Please pardon the top post but I'll use the previous body as additional
information to this post. We now know what the problem is but it's
uglier than we thought. We are getting severe fragmentation on our
OpenVPN network. Large, do-no-fragment pings work perfectly fine until
we launch a TCP session. Then the tunnel MTU plummets to 576. The
problem is PMTU discovery. Either we have something very badly
misconfigured (configuration files are below) or we have hit a bug (far
less likely!).
The bottom line is that, on a tunnel with a perfectly fine MTU as we can
see from the 1472 byte pings, OpenVPN is returning a fragmentation
needed ICMP packet for any sized TCP packet and, worse yet, it says that
the acceptable MTU is zero bytes! (Unless I am misreading my ethereal
traces).
Here's what I saw and what I tried:
We established that we could ping the full 1500 byte MTU with:
ping -f -t -l 1472 10.7.254.1 - all replies successful until we launched
an ssh session with the same host. The TCP sequence began as follows:
No.Time Packet Size Source Destination Protocol Info
1 0.000000 62 172.20.98.2 10.7.254.1 TCP 1349 > 22 [SYN]

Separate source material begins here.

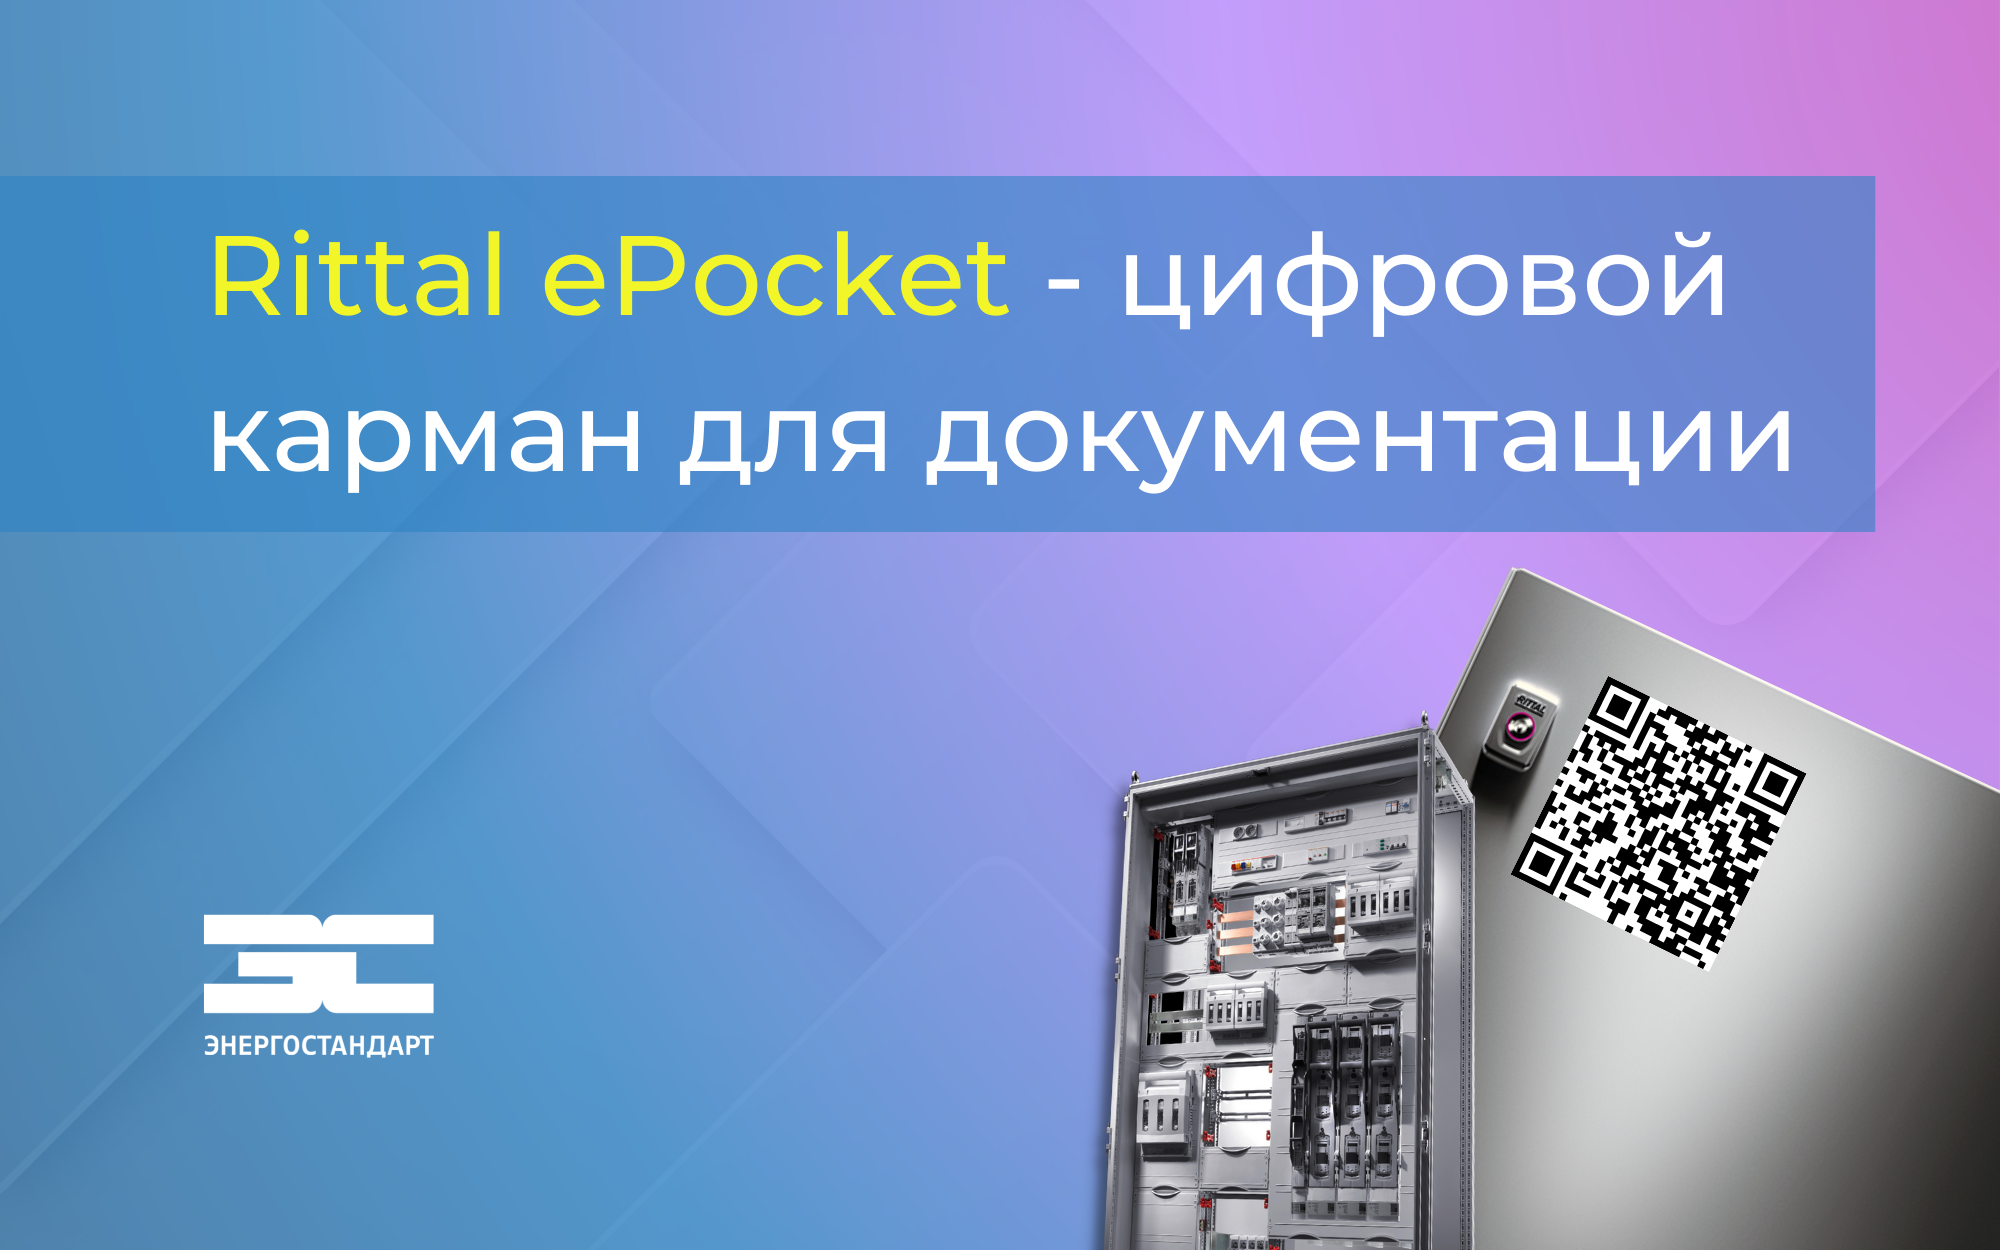 Rittal ePocket - цифровой карман для документации. <

Seq=0 Ack=0 Win=16384 Len=0 MSS=1460
2 0.049058 90 172.20.98.1 172.20.98.2 ICMP Destination
unreachable (Fragmentation needed)
Notice the very small packet size. This was only a 62 byte packet. MTU
is 1500. Worse yet, here is the expansion of the ICMP packet returned
by the OpenVPN server:
Internet Control Message Protocol
Type: 3 (Destination unreachable)
Code: 4 (Fragmentation needed)
Checksum: 0x133e [correct]
MTU of next hop: 0
Internet Protocol, Src: 172.20.98.2 (172.20.98.2), Dst: 10.7.254.1
(10.7.254.1)
Transmission Control Protocol, Src Port: 1349 (1349), Dst Port: 22
(22), Seq: 2813985907, Ack: 0
Notice the MTU next hop! Is that normal? I would assume the Windows
default behavior when receiving such a request is to go to the old
default MTU of 576. That's what we are seeing.
I wondered if the bogus MTU might be coming from some other source as
this is a fairly complex setup. The path is from the tun device to the
local eth device to the eth device on the OpenVPN gateway to the tun
device of the gateway to the ipsec0 device on the gateway to the eth on
the gateway to the eth on the remote network gateway to ipsec0 to eth,
etc. The problem could be anywhere so we traced at multiple points.
The do not fragment appears to be coming from the OpenVPN server. We
see the ICMP frag-needed packets on the gateway tun device. We do not
see them on ipsec0 (we even check lo just in case), so they do not
appear to be reflected back from a downstream problem (I'm not even sure
if these messages are reflected backwards).
Thus, it seems that the OpenVPN gateway advertising an MTU of 0 is the
problem. If we disable PMTU discovery on the Windows client, all works
well and there is no fragmentation.